== TASK INSTRUCTIONS ==
In the material below, find the line with "Ladies Detachable Fur"; set down that line and every line after it to the end, exactly, without pictures.

== DATA BLOCK ==
* * * * * * * * *

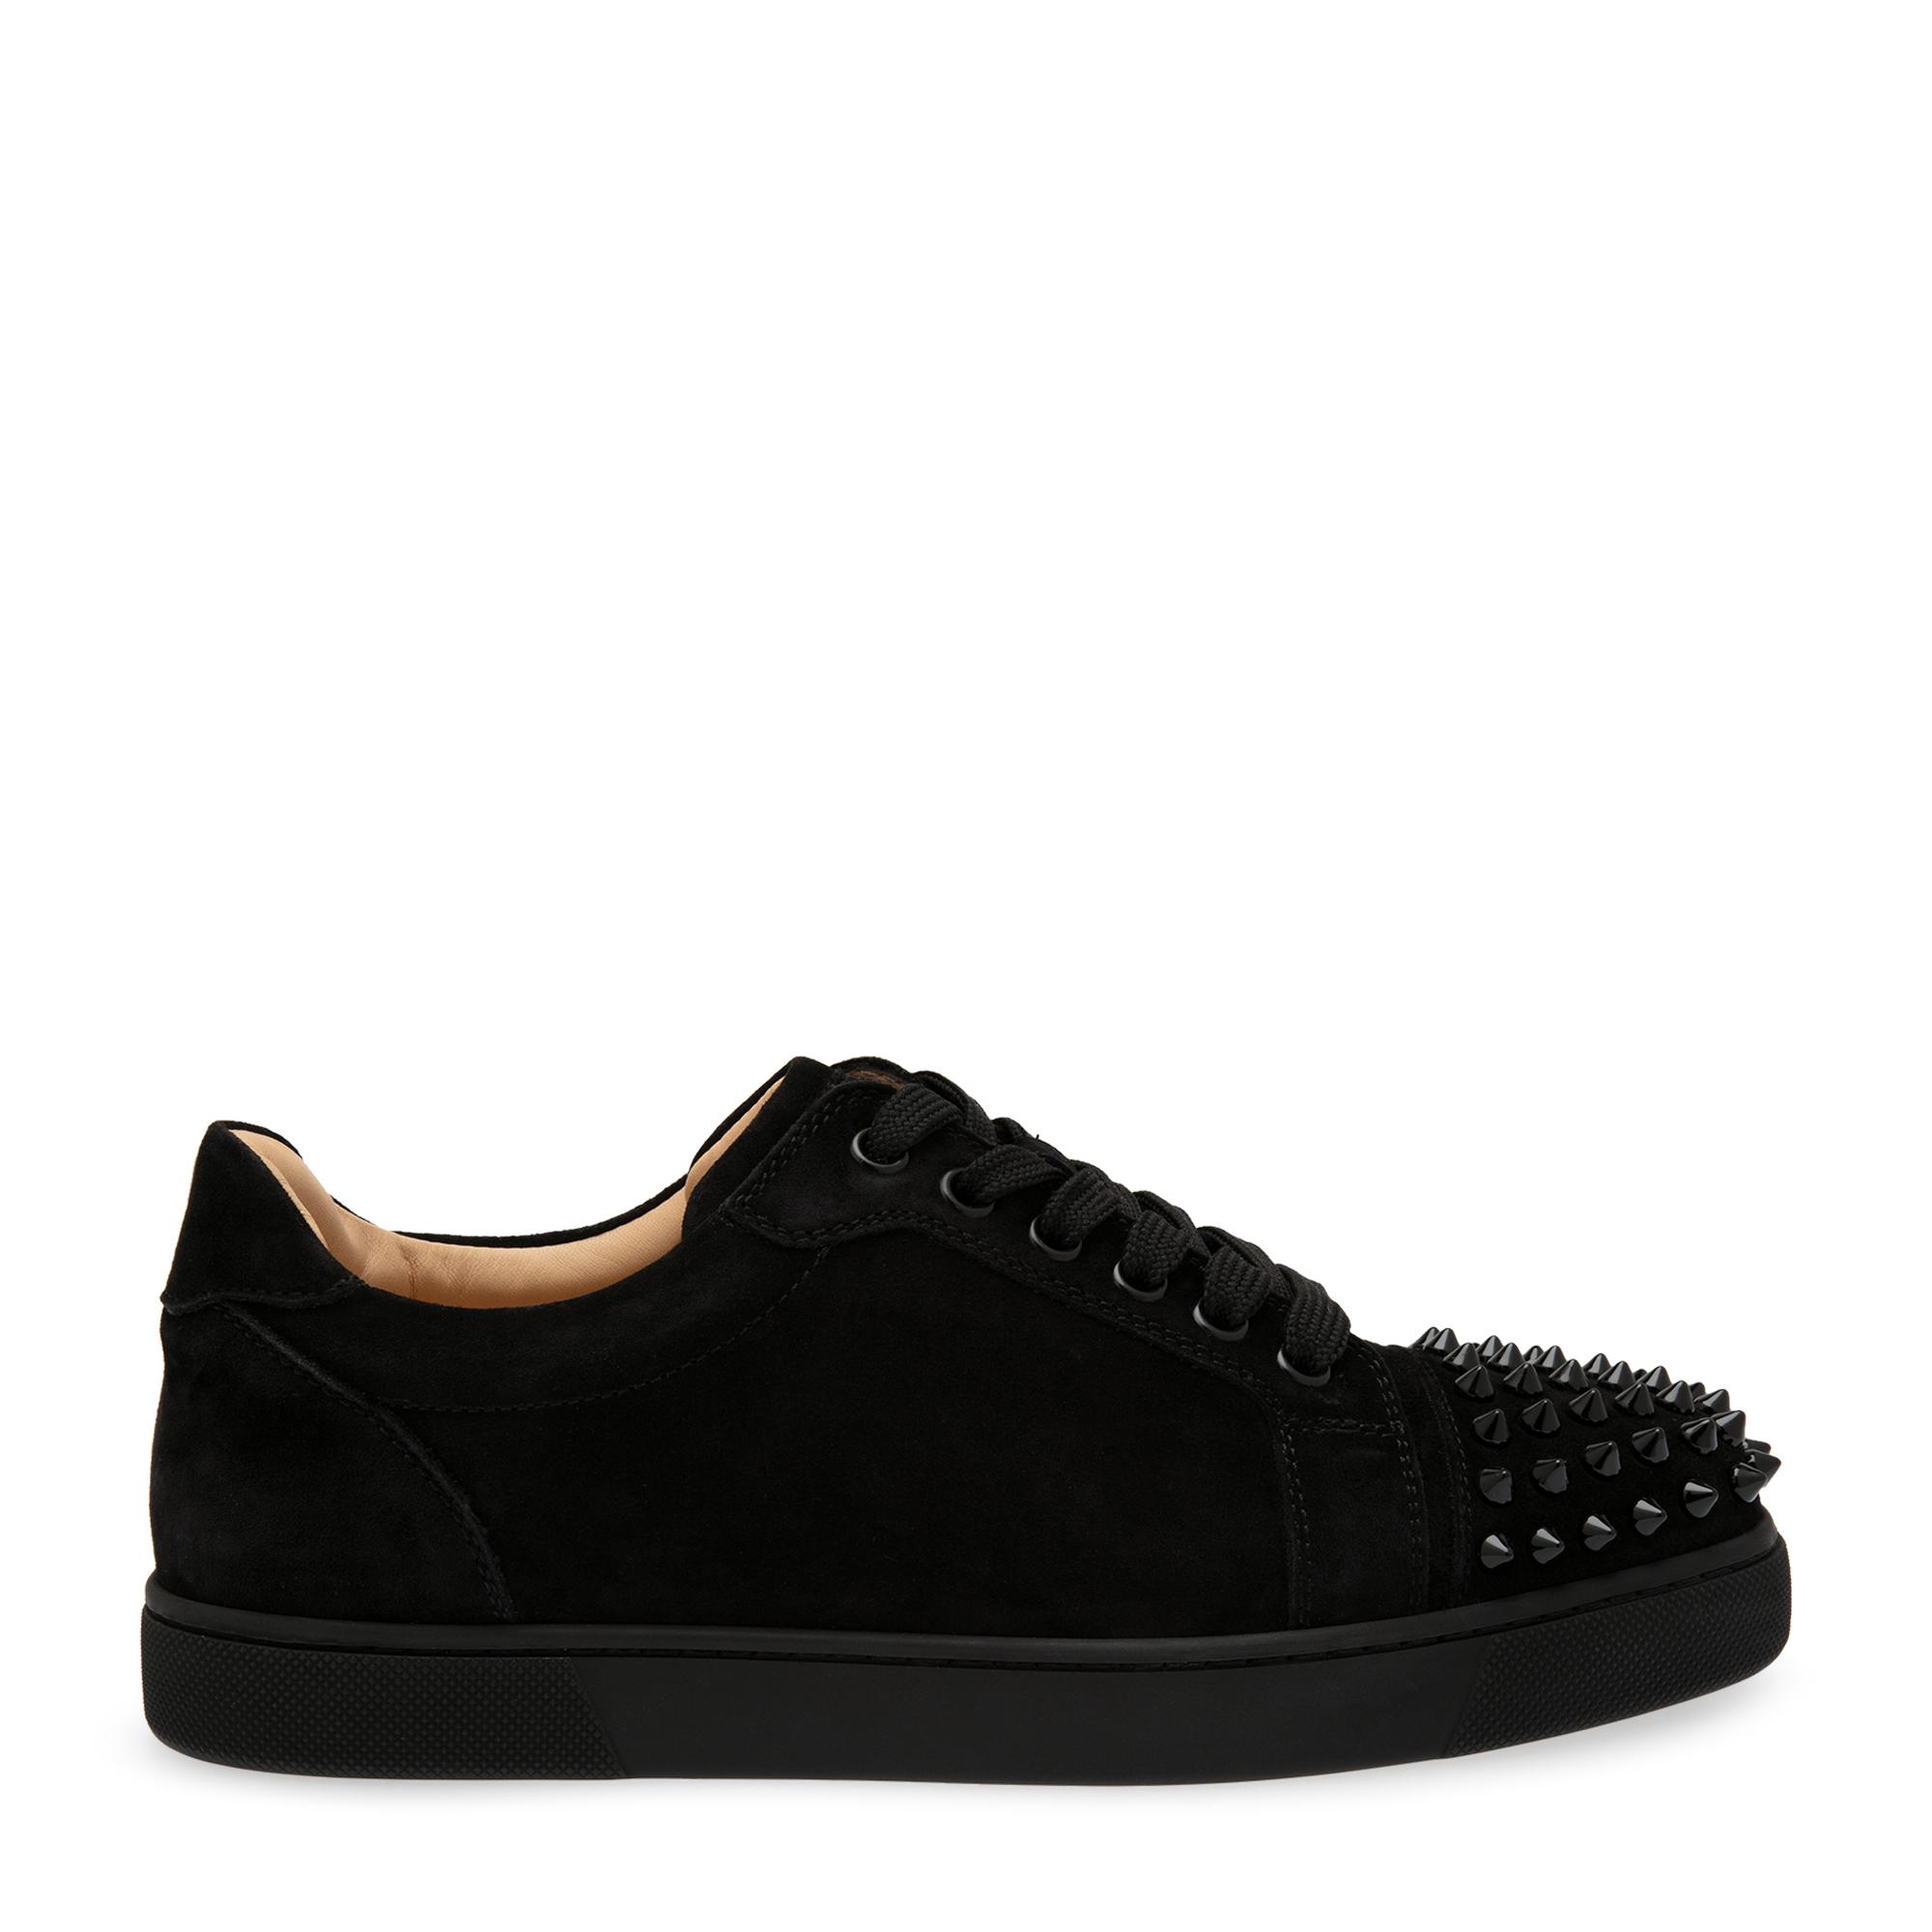 Vieira Spikes sneakers
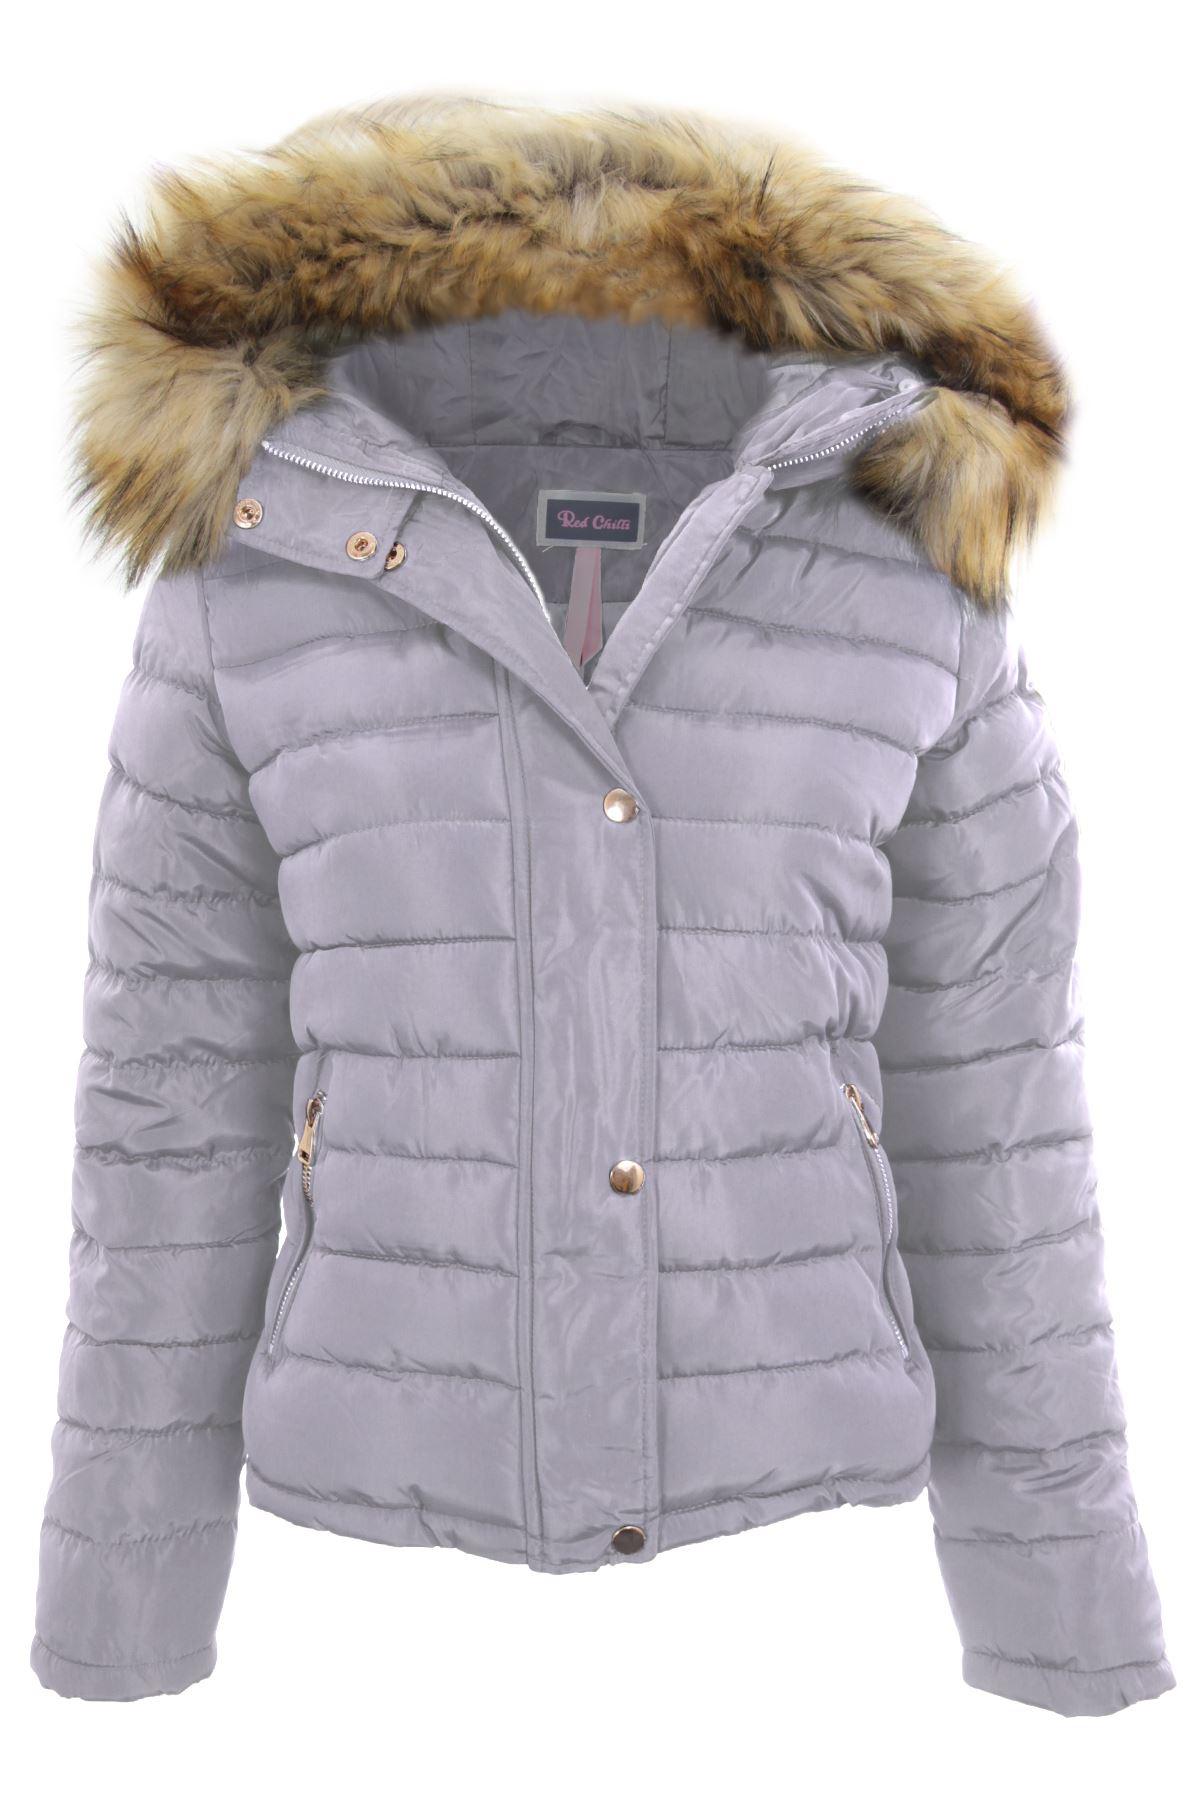 Ladies Detachable Fur Lined Hood Padded Puffer Jacket
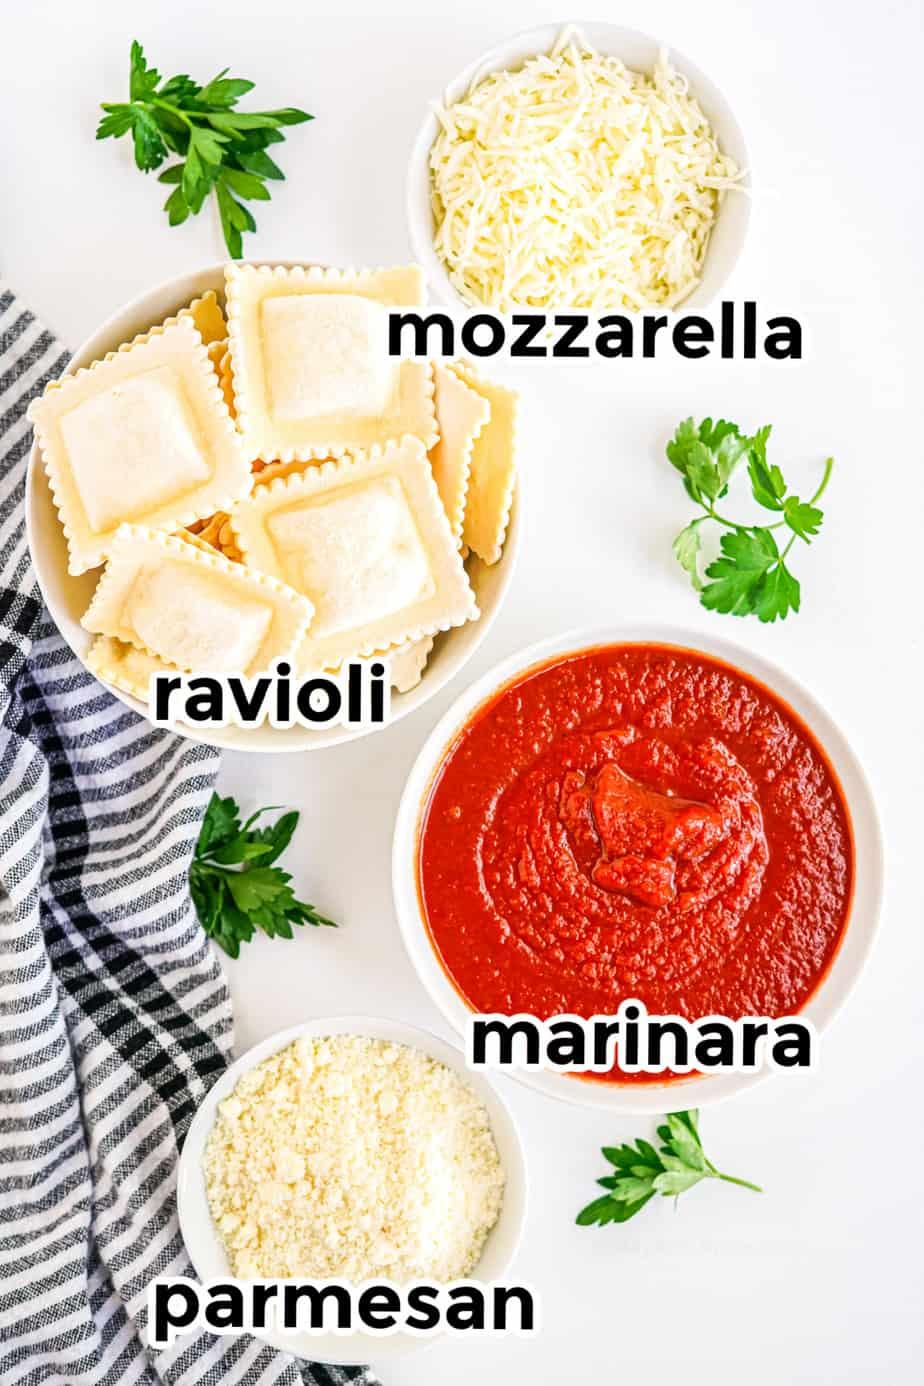 Ingredients for baked ravioli

* * * * * * * * *

== OUTPUT FOR THIS EXERCISE ==
 Ladies Detachable Fur Lined Hood Padded Puffer Jacket
 Ingredients for baked ravioli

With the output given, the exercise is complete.